Re: Flow Chart of Solr

Posted by Furkan KAMACI <fu...@gmail.com>.
So, all in all, is there anybody who can write down just main steps of
Solr(including parsing, stemming etc.)?


2013/4/2 Furkan KAMACI <fu...@gmail.com>

> I think about myself as an example. I have started to make research about
> Solr just for some weeks. I have learned Solr and its related projects. My
> next step writing down the main steps Solr. We have separated learning
> curve of Solr into two main categories.
> First one is who are using it as out of the box components. Second one is
> developer side.
>
> Actually developer side branches into two way.
>
> First one is general steps of it. i.e. document comes into Solr (i.e.
> crawled data of Nutch). which analyzing processes are going to done
> (stamming, hamming etc.), what will be doing after parsing step by step.
> When a search query happens what happens step by step, at which step scores
> are calculated so on so forth.
> Second one is more code specific i.e. which handlers takes into account
> data that will going to be indexed(no need the explain every handler at
> this step) . Which are the analyzer, tokenizer classes and what are the
> flow between them. How response handlers works and what are they.
>
> Also explaining about cloud side is other work.
>
> Some of explanations are currently presents at wiki (but some of them are
> at very deep places at wiki and it is not easy to find the parent topic of
> it, maybe starting wiki from a top age and branching all other topics as
> possible as from it could be better)
>
> If we could show the big picture, and beside of it the smaller pictures
> within it, it would be great (if you know the main parts it will be easy to
> go deep into the code i.e. you don't need to explain every handler, if you
> show the way to the developer he/she could debug and find the needs)
>
> When I think about myself as an example, I have to write down the steps of
> Solr a bit detail  even I read many pages at wiki and a book about it, I
> see that it is not easy even writing down the big picture of developer side.
>
>
> 2013/4/2 Alexandre Rafalovitch <ar...@gmail.com>
>
>> Yago,
>>
>> My point - perhaps lost in too much text - was that Solr is presented -
>> and
>> can function - as a black-box. Which makes it different from more
>> traditional open-source project. So, the stage-2 happens exactly when the
>> non-programmers have to cross the boundary from the black-box into
>> code-first approach and the hand-off is not particularly smooth. Or even
>> when - say - php or .Net programmer  tries to get beyond the basic
>> operations their client library and has the understand the server-side
>> aspects of Solr.
>>
>> Regards,
>>    Alex.
>>
>> On Tue, Apr 2, 2013 at 1:19 PM, Yago Riveiro <ya...@gmail.com>
>> wrote:
>>
>> > Alexandre,
>> >
>> > You describe the normal path when a beginner try to use a source of code
>> > that doesn't understand, black-box, reading code, hacking, ok now I know
>> > 10% of the project, with lucky :p.
>> >
>>
>>
>> Personal blog: http://blog.outerthoughts.com/
>> LinkedIn: http://www.linkedin.com/in/alexandrerafalovitch
>> - Time is the quality of nature that keeps events from happening all at
>> once. Lately, it doesn't seem to be working.  (Anonymous  - via GTD book)
>>
>
>

Re: Flow Chart of Solr

Posted by Furkan KAMACI <fu...@gmail.com>.
I think about myself as an example. I have started to make research about
Solr just for some weeks. I have learned Solr and its related projects. My
next step writing down the main steps Solr. We have separated learning
curve of Solr into two main categories.
First one is who are using it as out of the box components. Second one is
developer side.

Actually developer side branches into two way.

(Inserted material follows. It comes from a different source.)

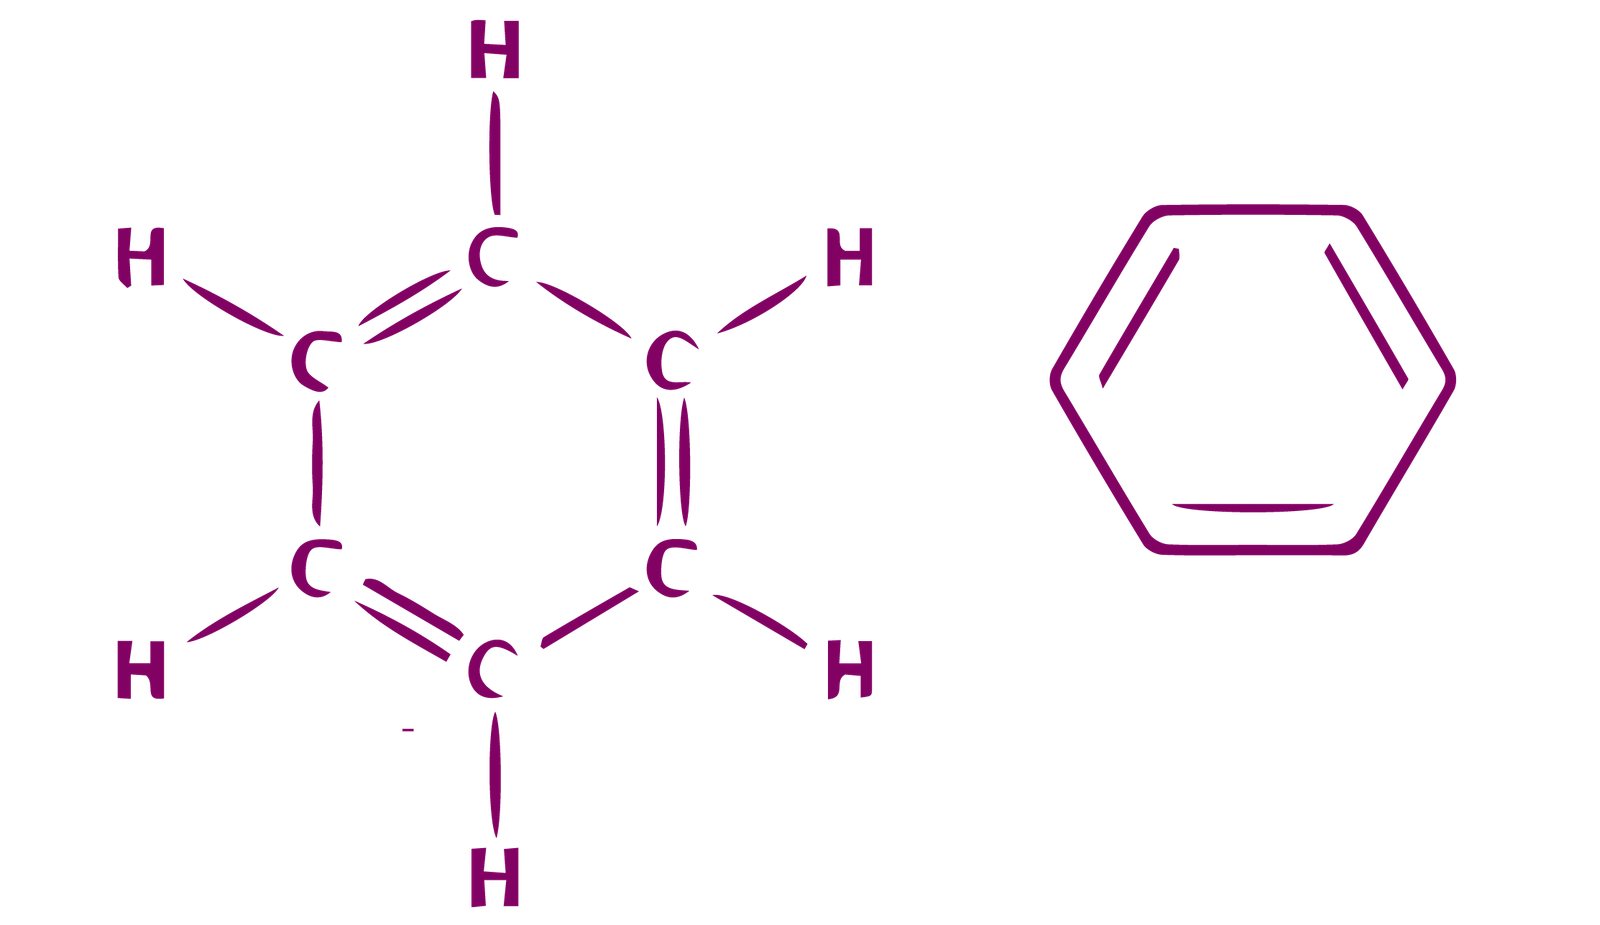 Deux croquis de la structure chimique d'un anneau de benzène. La structure de droite est une version abrégée qui ne montre pas l’emplacement des atomes de carbone et d'hydrogène.

First one is general steps of it. i.e. document comes into Solr (i.e.
crawled data of Nutch). which analyzing processes are going to done
(stamming, hamming etc.), what will be doing after parsing step by step.
When a search query happens what happens step by step, at which step scores
are calculated so on so forth.
Second one is more code specific i.e. which handlers takes into account
data that will going to be indexed(no need the explain every handler at
this step) . Which are the analyzer, tokenizer classes and what are the
flow between them. How response handlers works and what are they.

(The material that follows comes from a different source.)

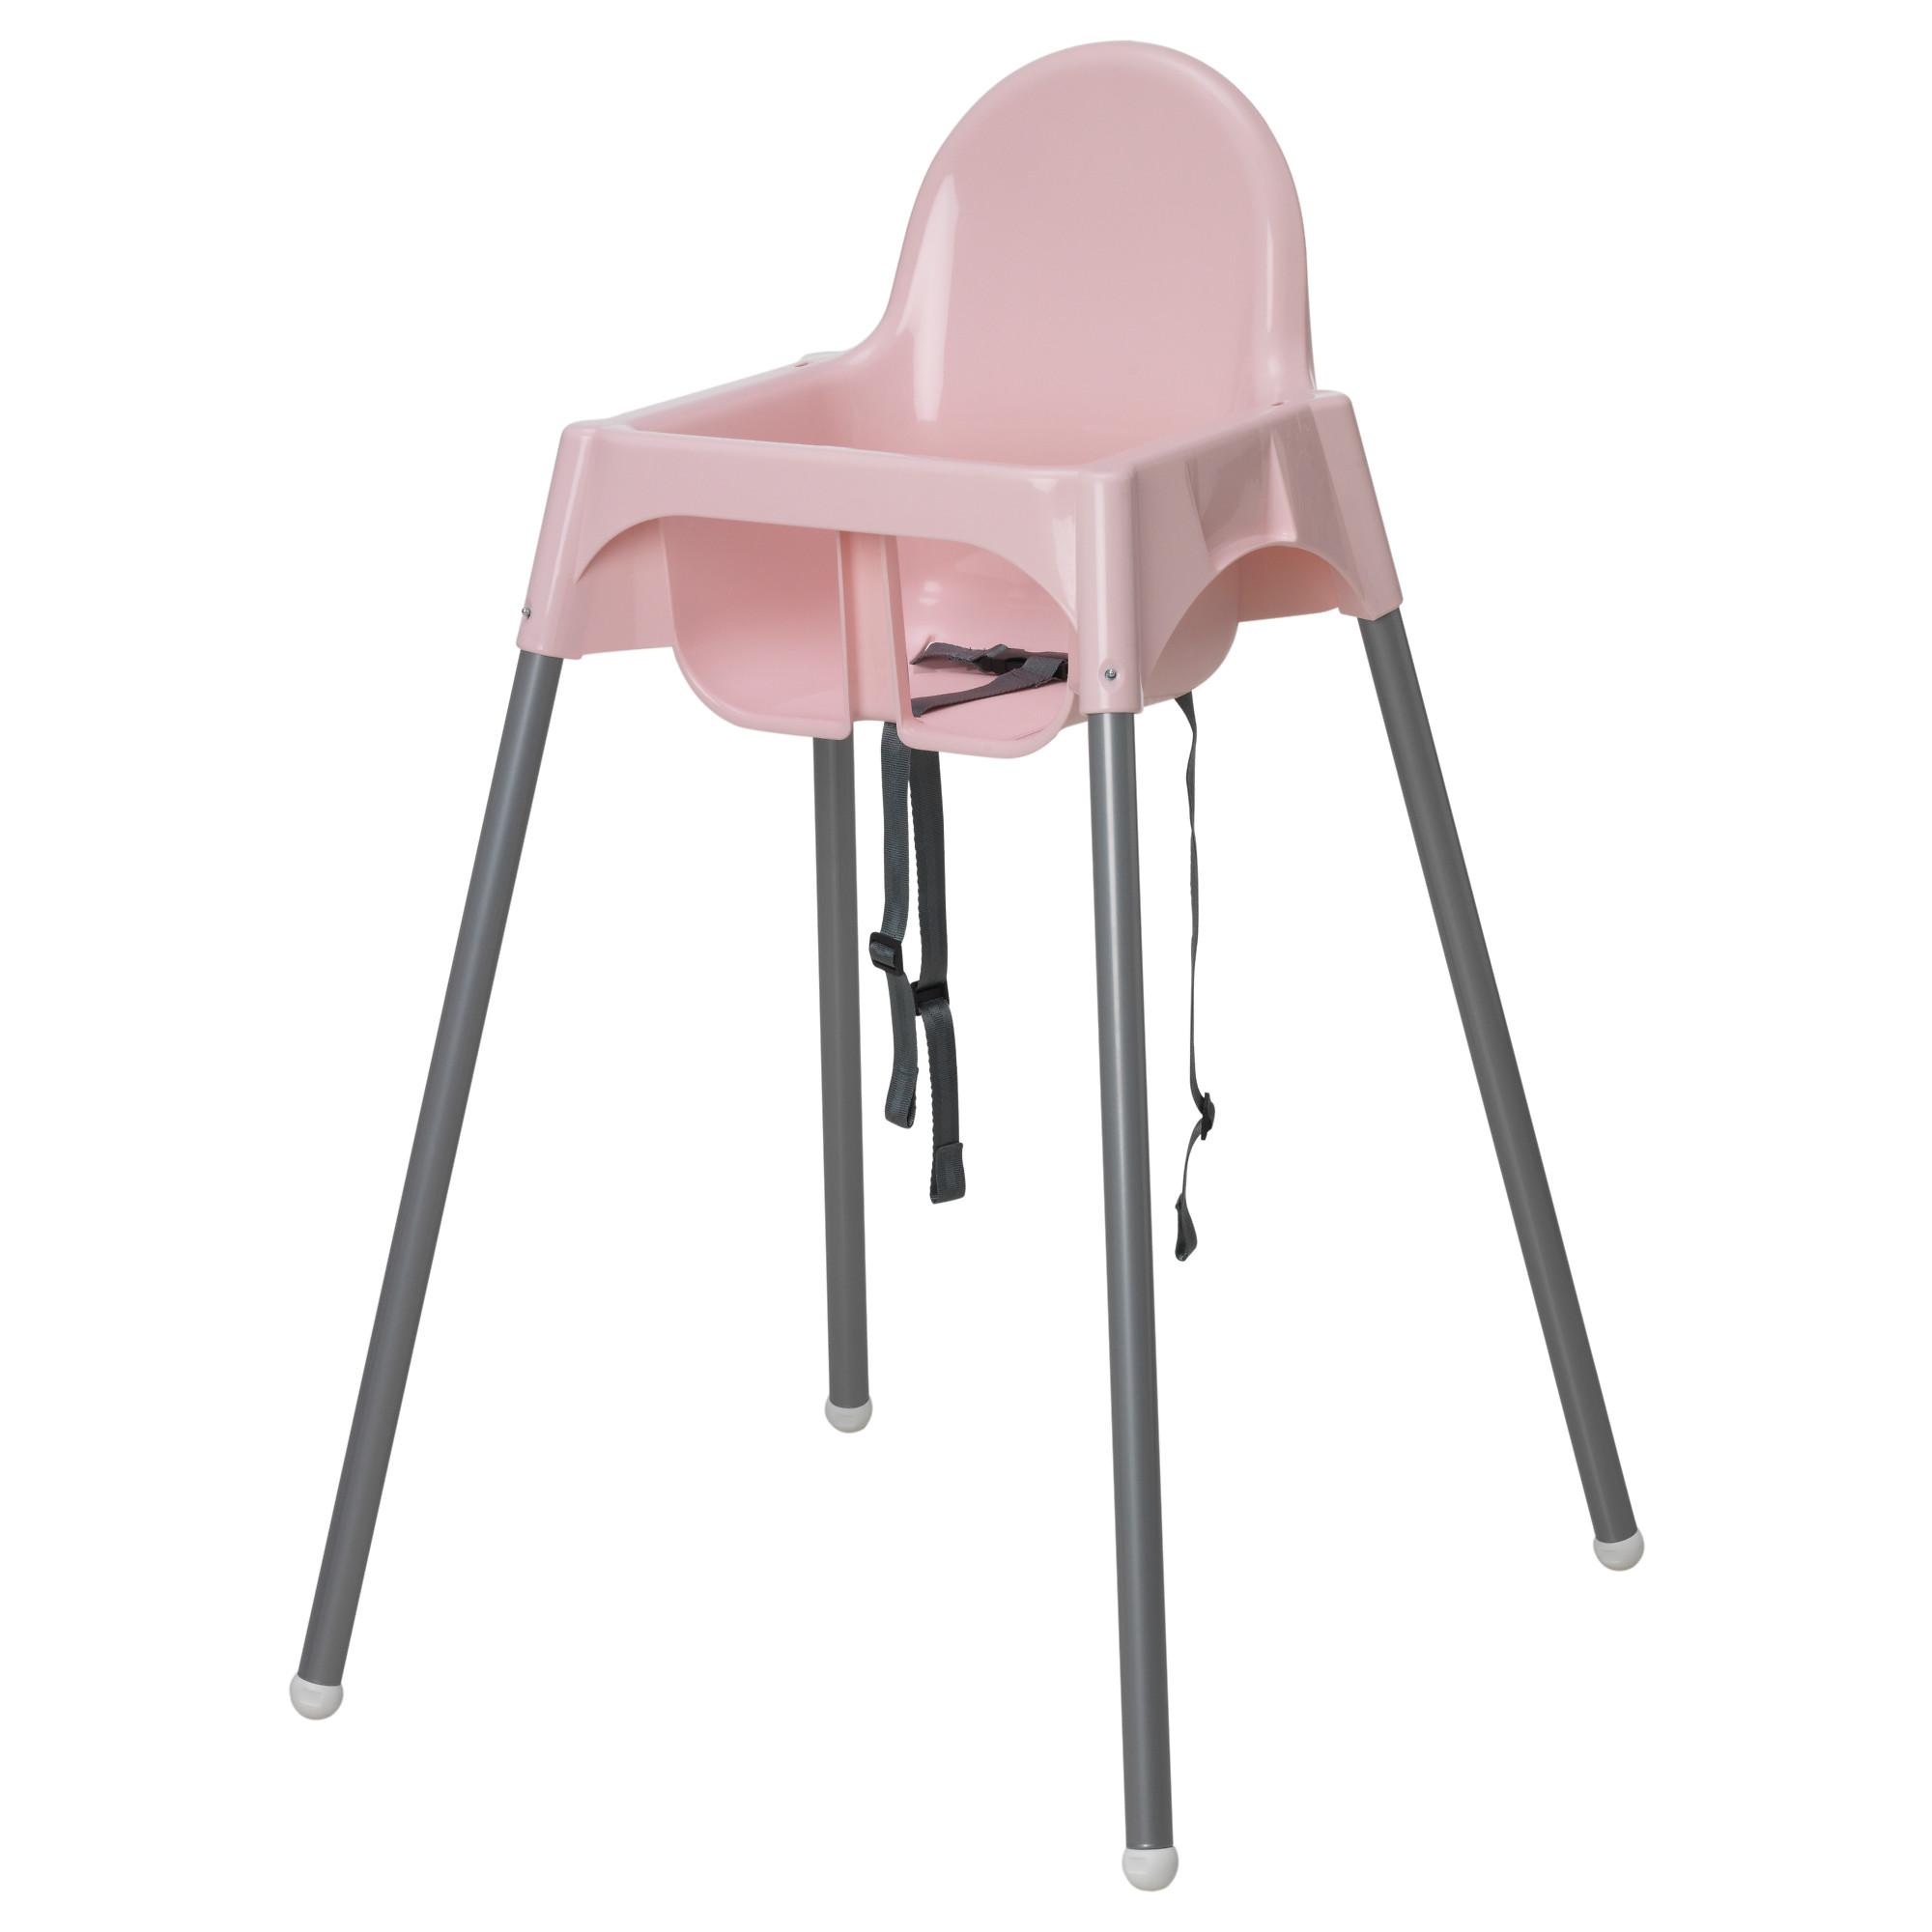 อิเกีย เก้าอี้นั่งทานอาหาร เก้าอี้สูง อันติลูป เก้าอี้ทานข้าวเด็กทรงสูง (มีสี ขาว /ฟ้า/ชมพู) ไม่มีถาด (Untiloop High Chair)

Also explaining about cloud side is other work.

Some of explanations are currently presents at wiki (but some of them are
at very deep places at wiki and it is not easy to find the parent topic of
it, maybe starting wiki from a top age and branching all other topics as
possible as from it could be better)

If we could show the big picture, and beside of it the smaller pictures
within it, it would be great (if you know the main parts it will be easy to
go deep into the code i.e. you don't need to explain every handler, if you
show the way to the developer he/she could debug and find the needs)

When I think about myself as an example, I have to write down the steps of
Solr a bit detail  even I read many pages at wiki and a book about it, I
see that it is not easy even writing down the big picture of developer side.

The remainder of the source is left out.